Directions for this task:
Leave out the pictures, and quote exactly the lines running from the one with "Πλατεία του Αγίου Μάρκου στο" through the last line of the entries below.

──────── Data supplied

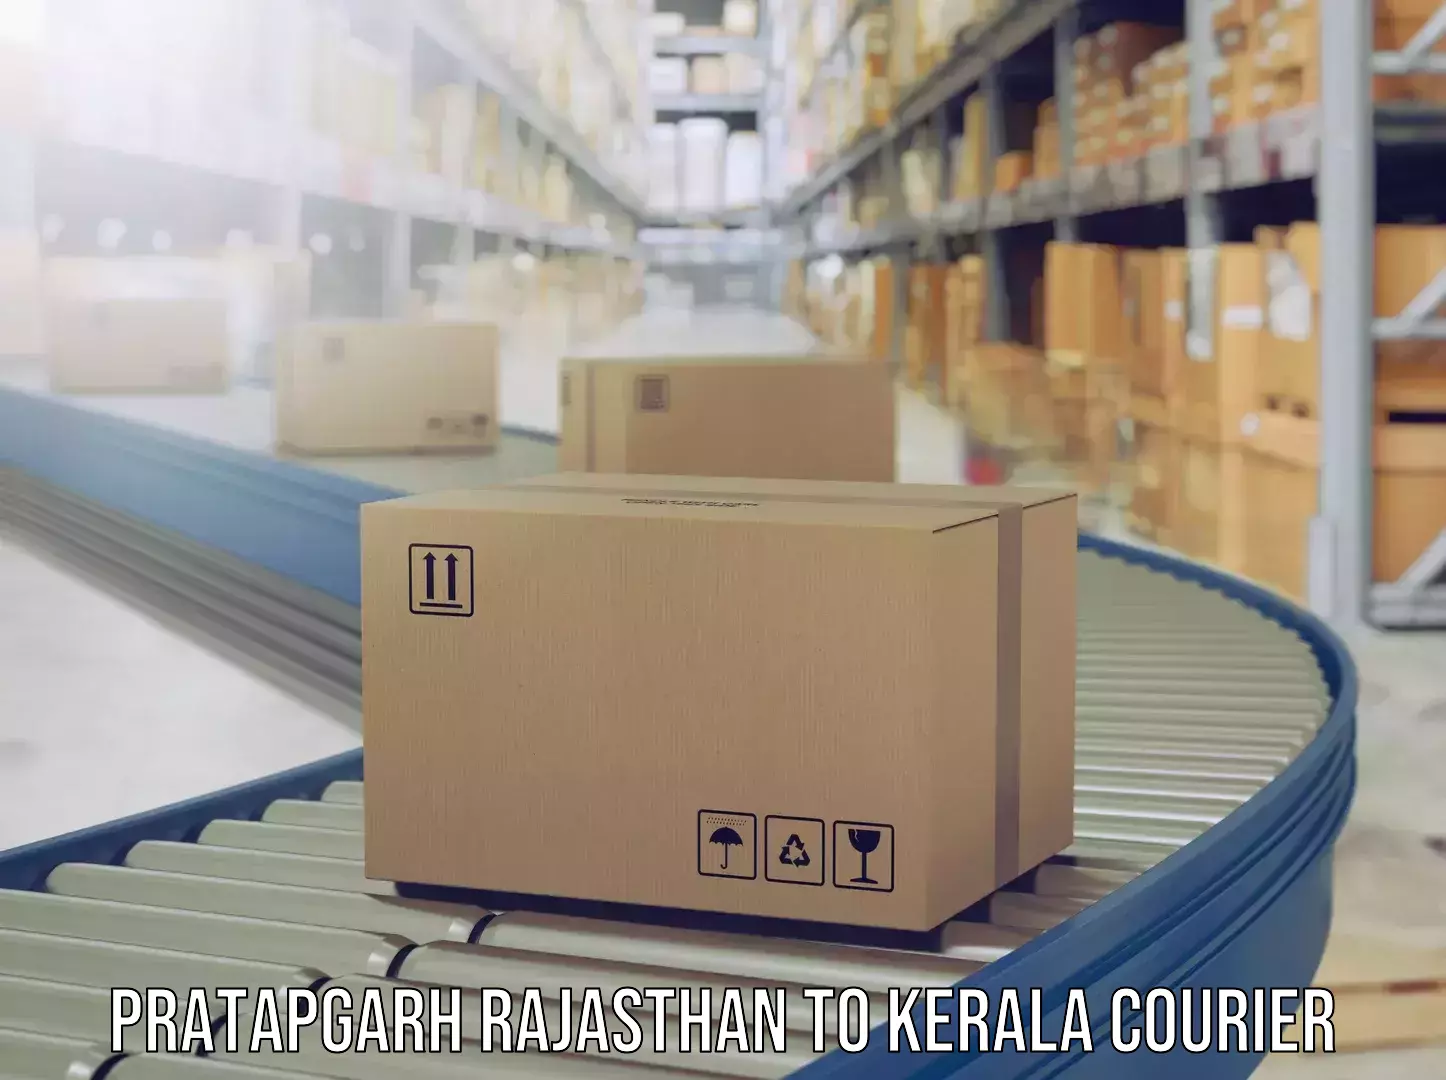 Luggage shipping rates calculator Pratapgarh Rajasthan to Kerala
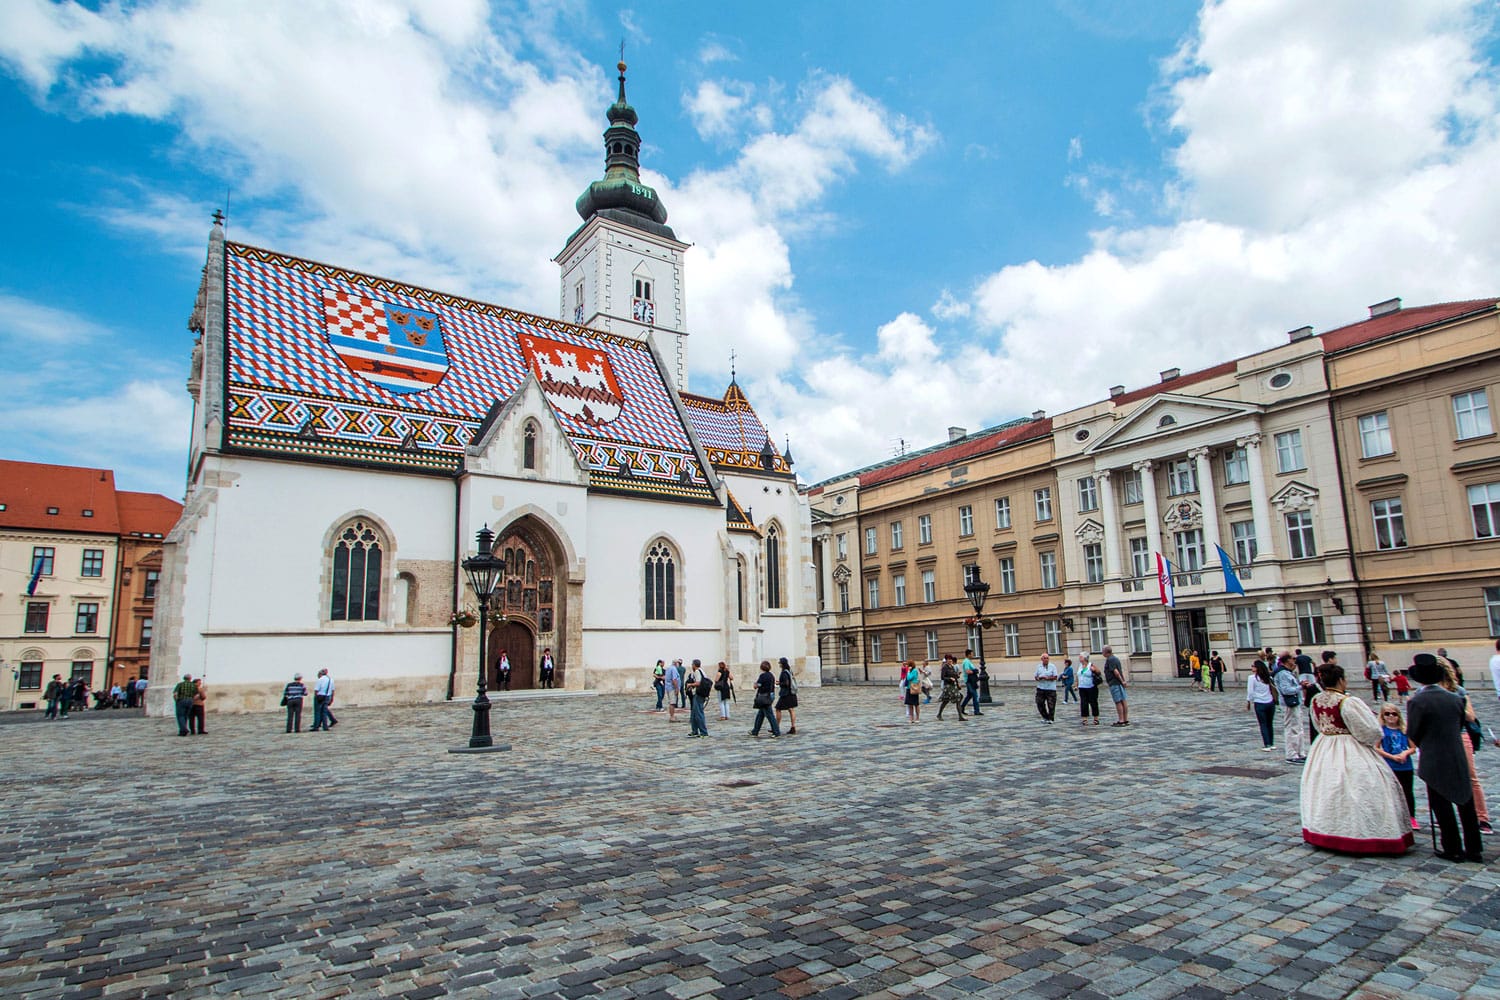 Πλατεία του Αγίου Μάρκου στο Ζάγκρεμπ, Κροατία, που περιβάλλεται από τουρίστες. Η πλατεία του Αγίου Μάρκου είναι το πολιτικό κέντρο της Κροατίας και δημοφιλής τουριστική τοποθεσία.
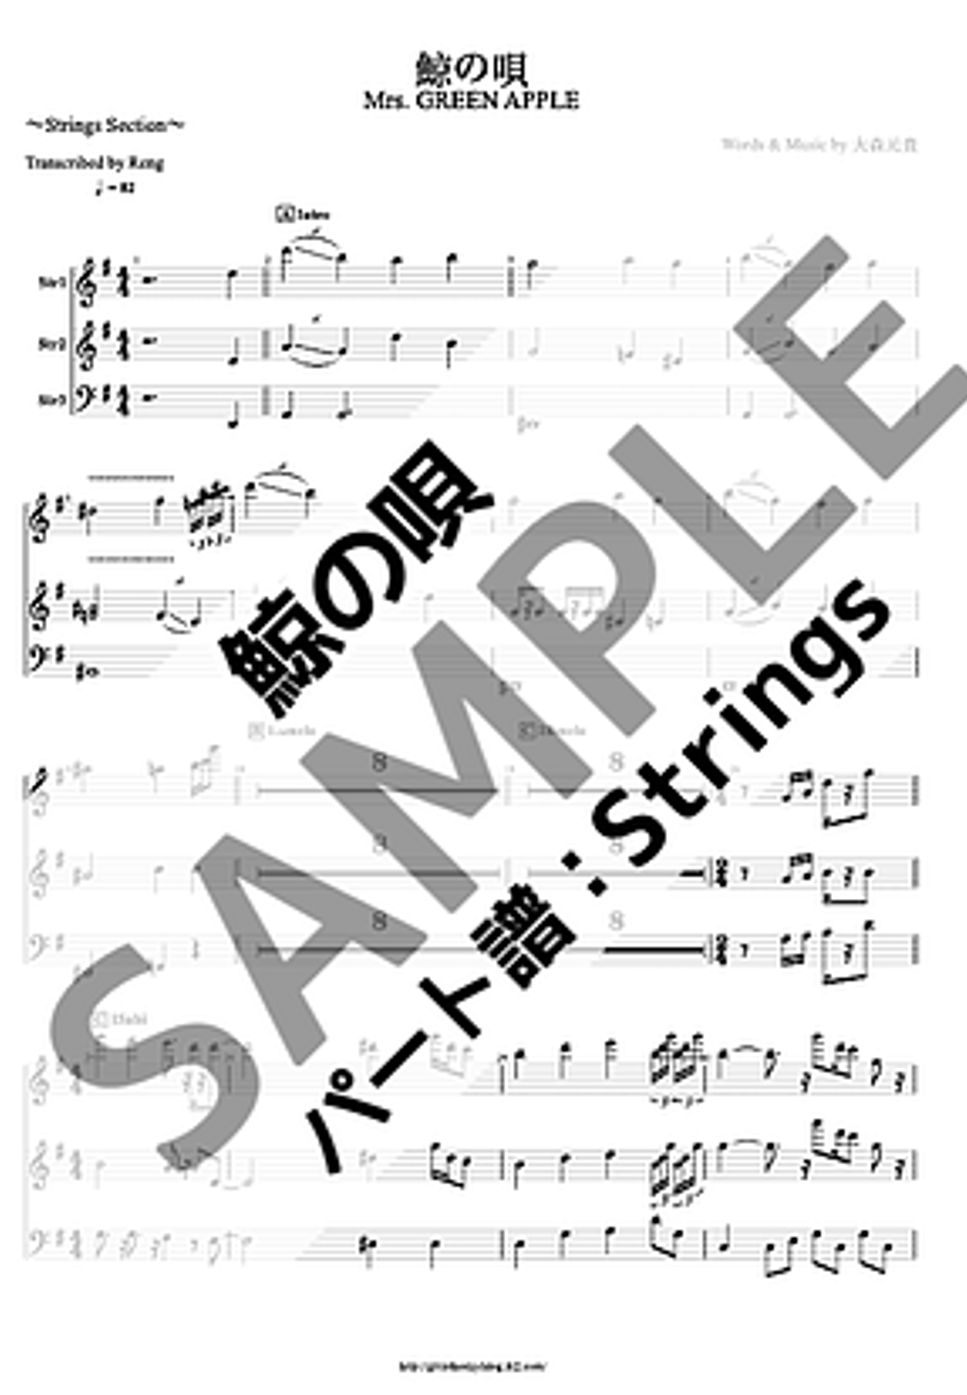 Mrs. GREEN APPLE - 鯨の唄 (Stringsセクション/ミセスグリーンアップル) by Reng
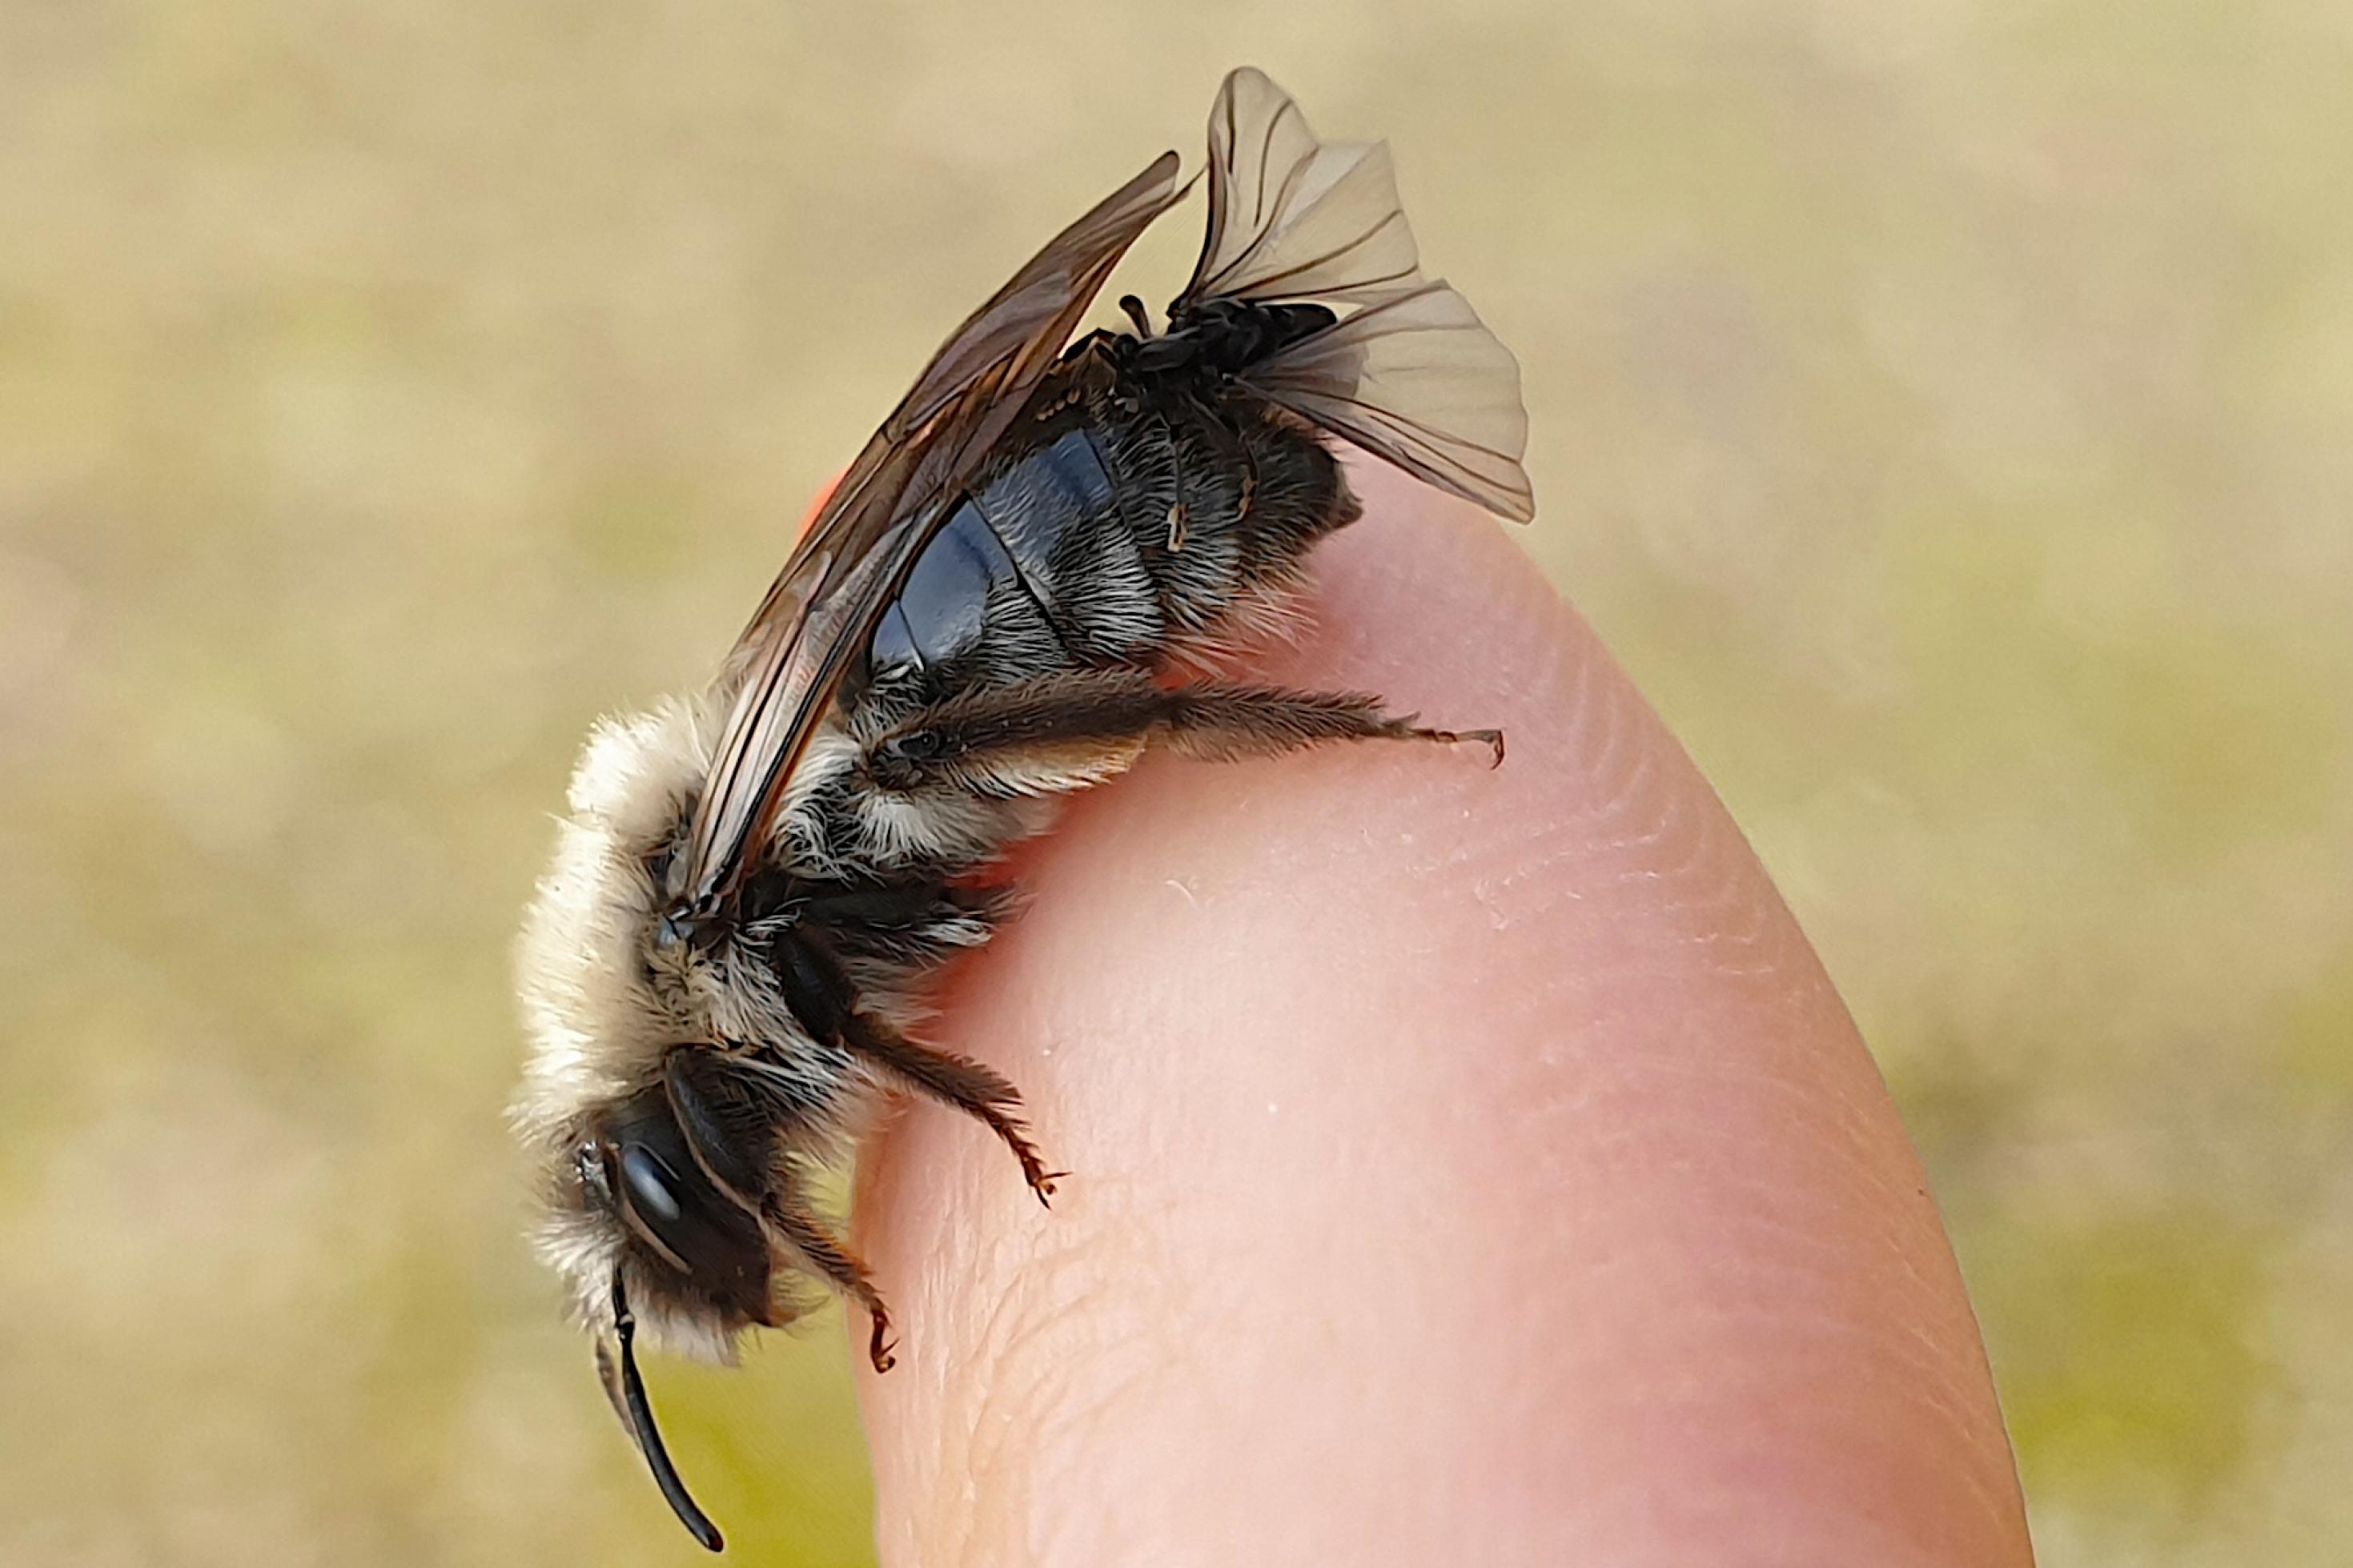 Auf dem Finger einer Person sitzt eine hellbraun-schwarze Biene. An deren Hinterleib sitzt ein Fliegen-artiges, schwarzes Insekt.
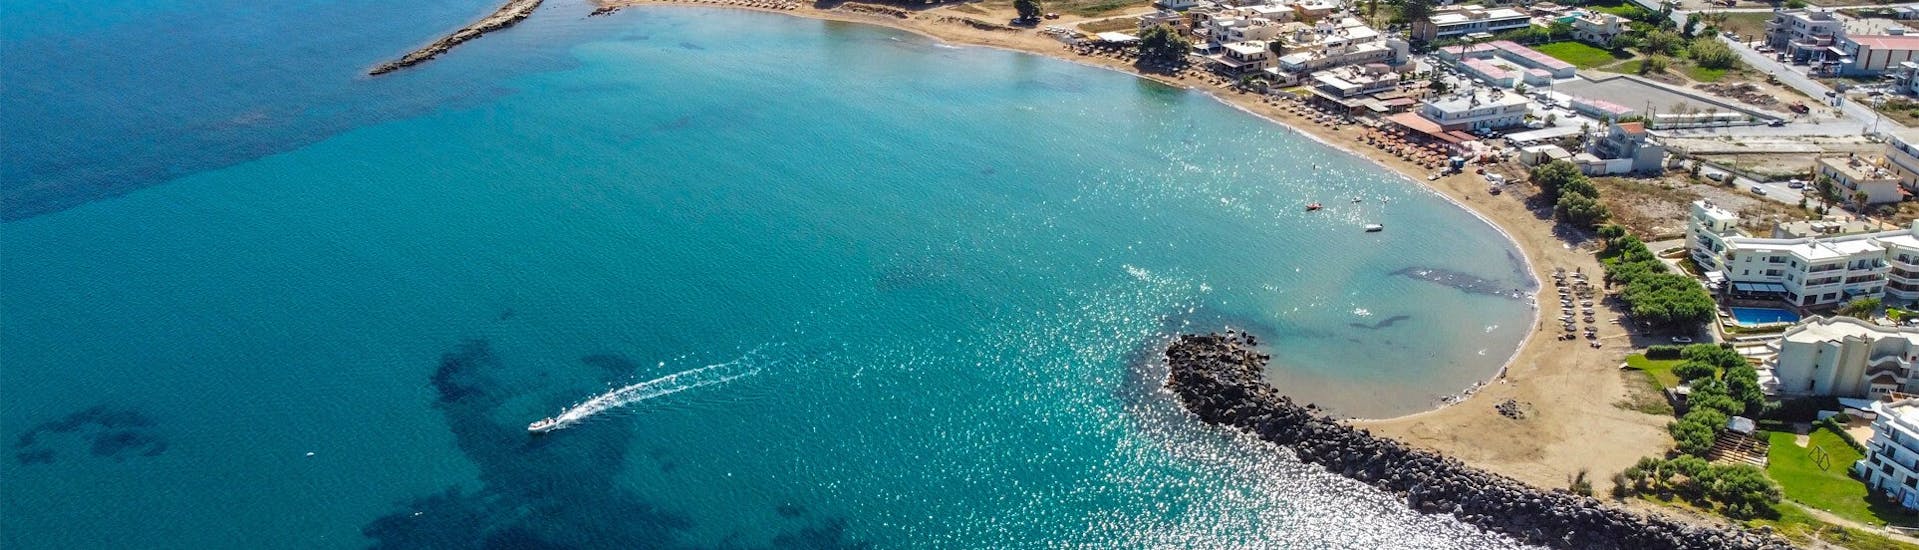 Landschaft an der Küste von Kissamos mit ihrem wunderschönen blauen Wasser während SUP-Verleih in Kissamos.

────────────────

Exercise output:
 Πλατεία του Αγίου Μάρκου στο Ζάγκρεμπ, Κροατία, που περιβάλλεται από τουρίστες. Η πλατεία του Αγίου Μάρκου είναι το πολιτικό κέντρο της Κροατίας και δημοφιλής τουριστική τοποθεσία.
 Mrs. GREEN APPLE - 鯨の唄 (Stringsセクション/ミセスグリーンアップル) by Reng
 Auf dem Finger einer Person sitzt eine hellbraun-schwarze Biene. An deren Hinterleib sitzt ein Fliegen-artiges, schwarzes Insekt.
 Landschaft an der Küste von Kissamos mit ihrem wunderschönen blauen Wasser während SUP-Verleih in Kissamos.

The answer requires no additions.